The poll sampled 800 Minnesota adults June 11-13, by land line and cellphone. It has a margin of sampling error of plus or minus 3.5 percentage points. The sample included 36 percent self-identified Democrats, 30 percent Republicans and 29 percent independents.

Dividing lines

The Twin Cities continued to be the strongest hub of support for same-sex marriage.

Sixty-six percent of those in Hennepin and Ramsey counties support lawmakers’ action. Just 22 percent of respondents in those counties opposed the decision.

Residents in Twin Cities suburbs and outstate Minnesota strongly oppose the new marriage law.

In the suburbs, 53 percent oppose the change and 37 percent say lawmakers made the right decision. Outstate, opposition is slightly stronger, with 54 percent saying they don’t think gay and lesbians should be allowed to marry.

“I’m not happy with it. I don’t agree with it,” said Hinckley resident Jessie Kordiak.

Kordiak worries what effect legalization of same-sex marriage will have on the state, particularly in the schools.

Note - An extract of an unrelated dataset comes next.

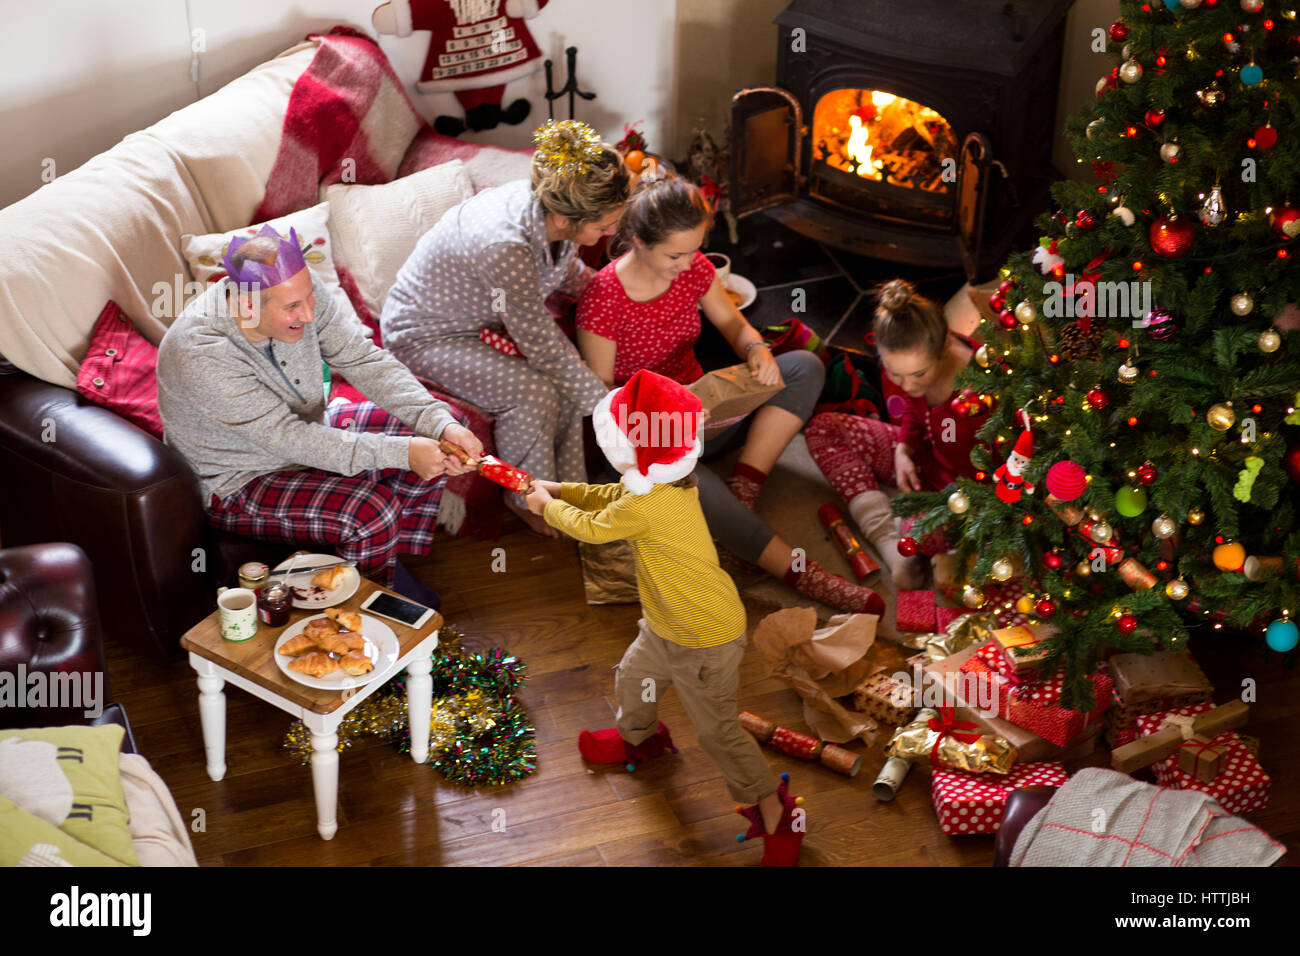 Family at Christmas. They are opening presents and pulling crackers. Stock Photo
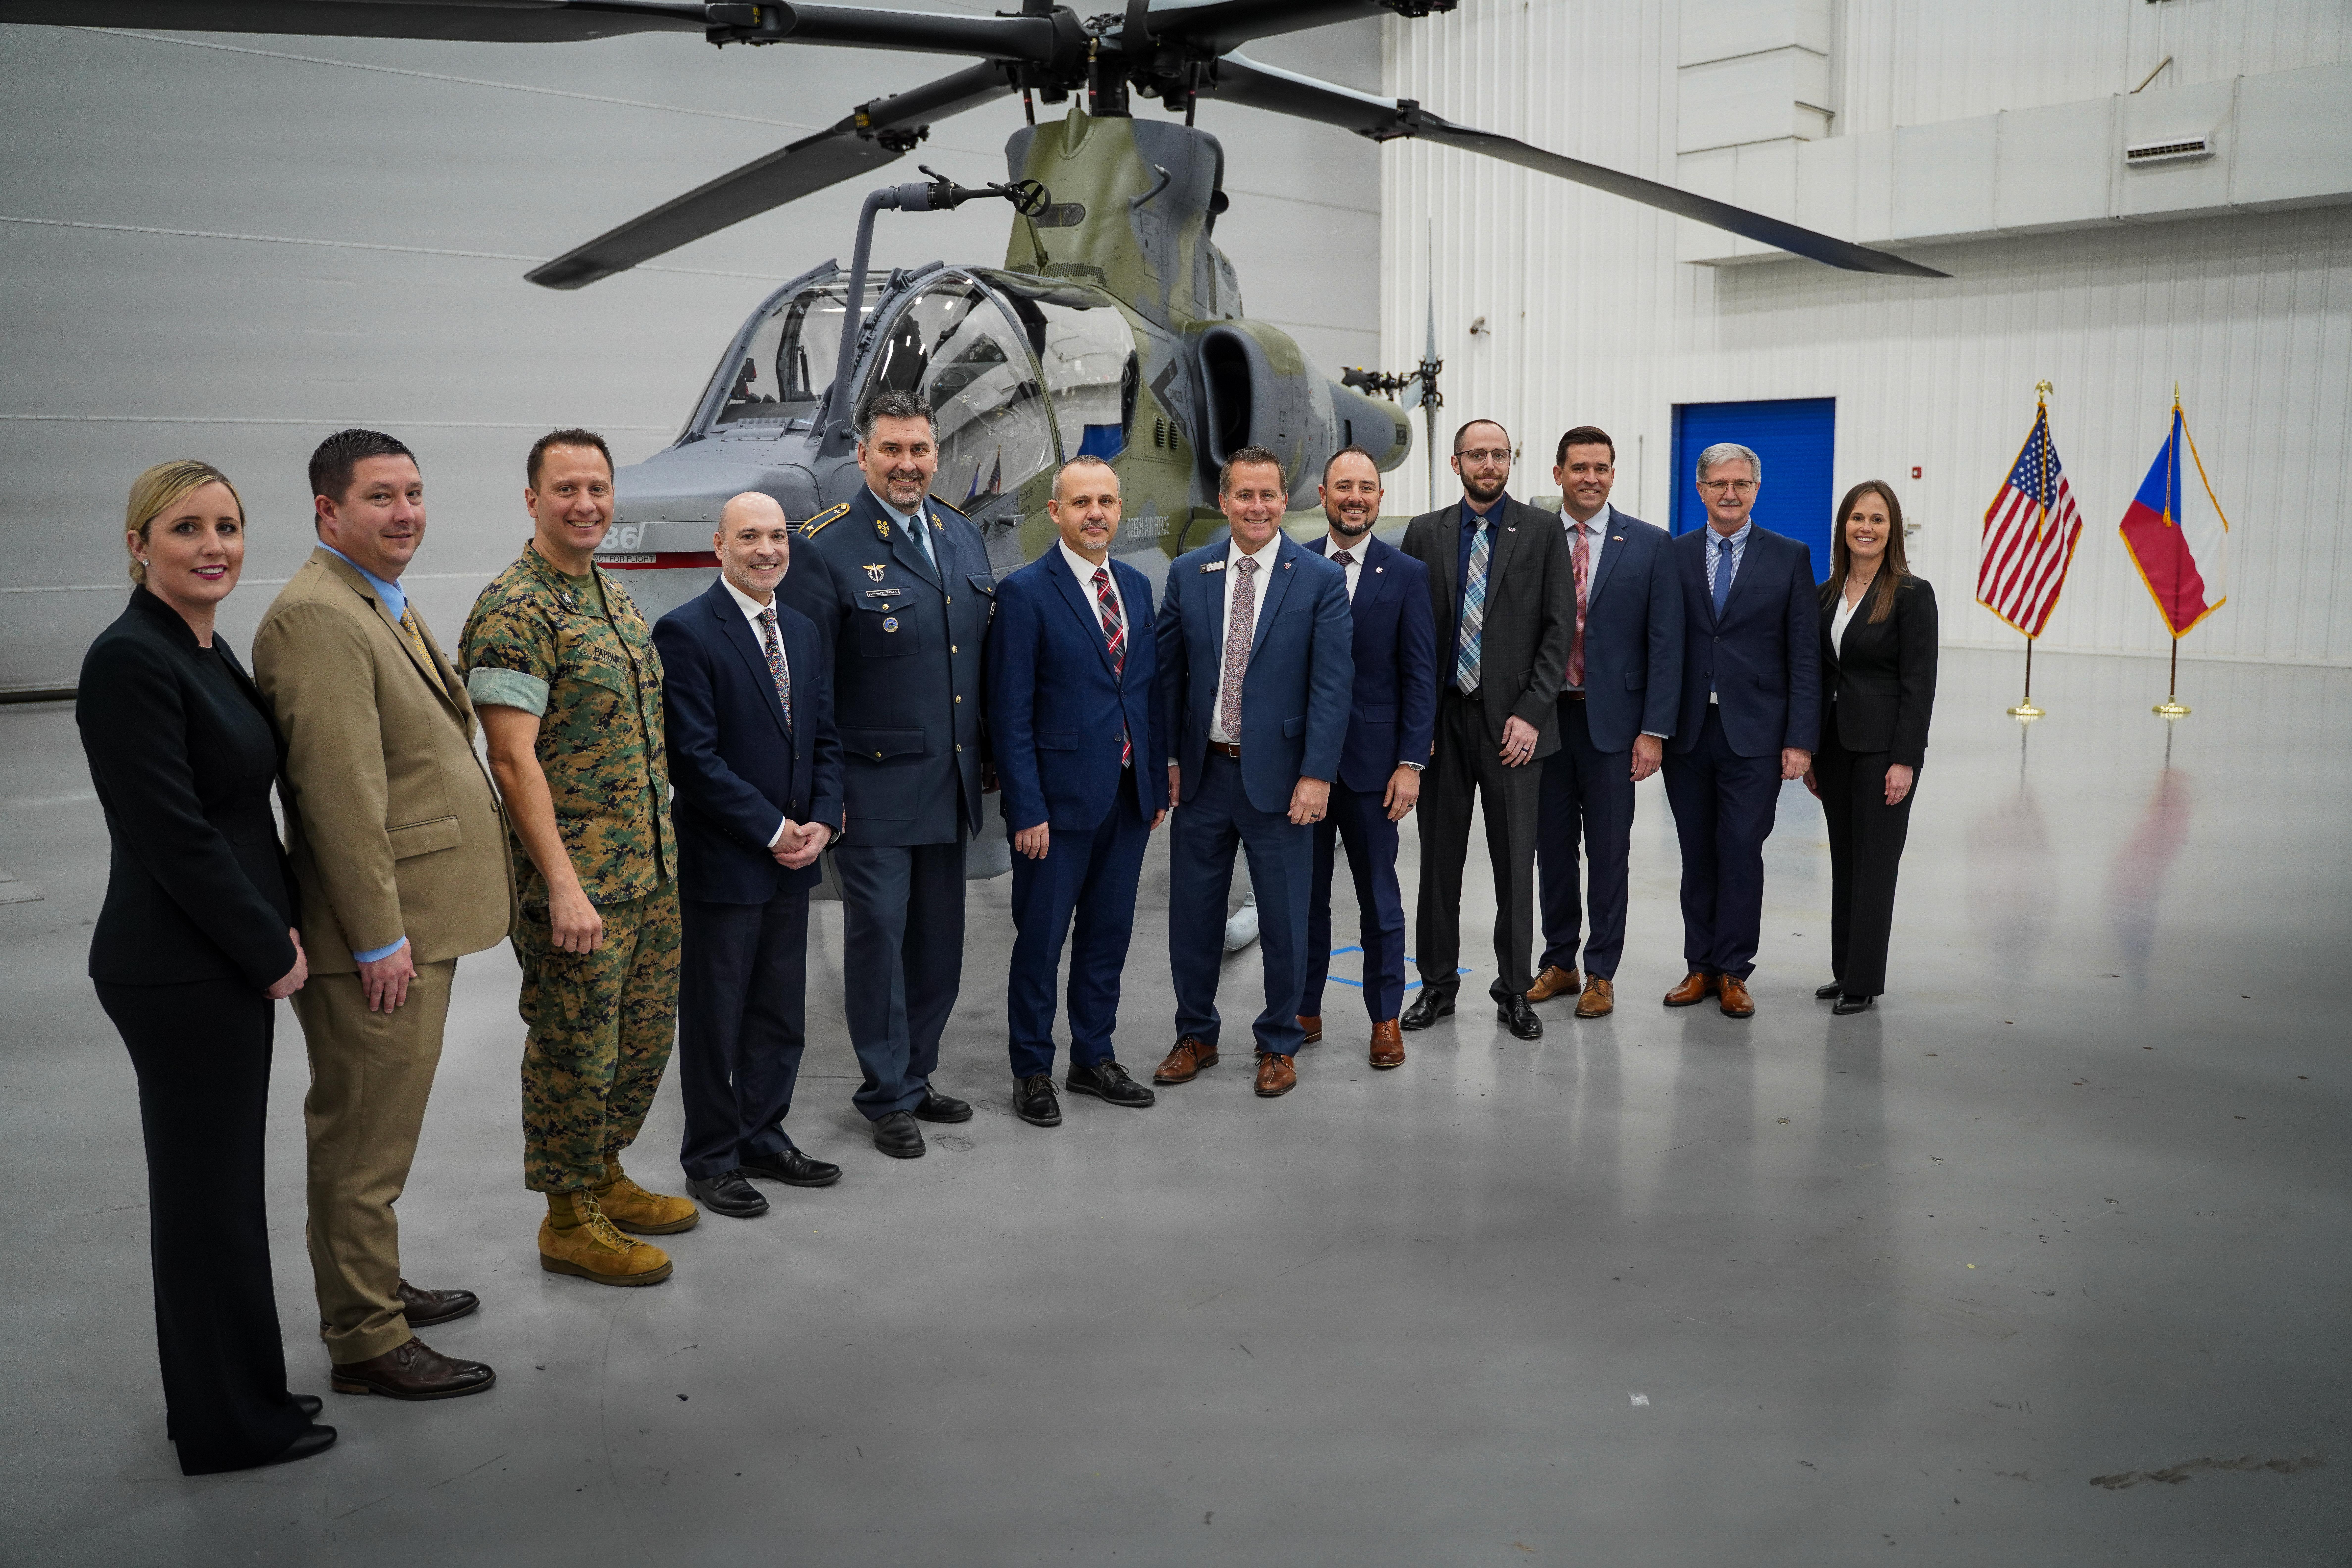 Various visitors from the Czech Republic Ministry of Defense, Naval Air Systems Command and Bell Textron pose for a photo with the recently unveiled AH-1Z Viper, the first designated to the Czech Republic Air Force.

“I don’t know, maybe now polygamy should be legal. Where do we draw the line? First cousins? Second cousins? I think it opens up a whole can of worms,” he said. “I have a feeling that now the schools are going to promote it and start teaching it to our kids. I just think there are a lot of things they didn’t really think through.”

  • How the poll was conducted

    Today’s Star Tribune Minnesota Poll findings are based on interviews conducted June 11-13 with 800 Minnesota adults via land line (79 percent) and cellphone (21 percent). The poll was conducted by Mason-Dixon Polling and Research Inc.

    Results of a poll based on 800 interviews will vary by no more than 3.5 percentage points, plus or minus, from the overall population 95 times out of 100. Margins are larger for groups within the sample, such as Democrats and Republicans.

    The self-identified party affiliation of the random sample is: 36 percent Democrat, 30 percent Republican, 29 percent independent or other party and 5 percent who said “none.”

    Sampling error does not take into account other sources of variation inherent in public opinion surveys, such as nonresponse, question wording or context effects. In addition, news events may have affected opinions during the period the poll was taken.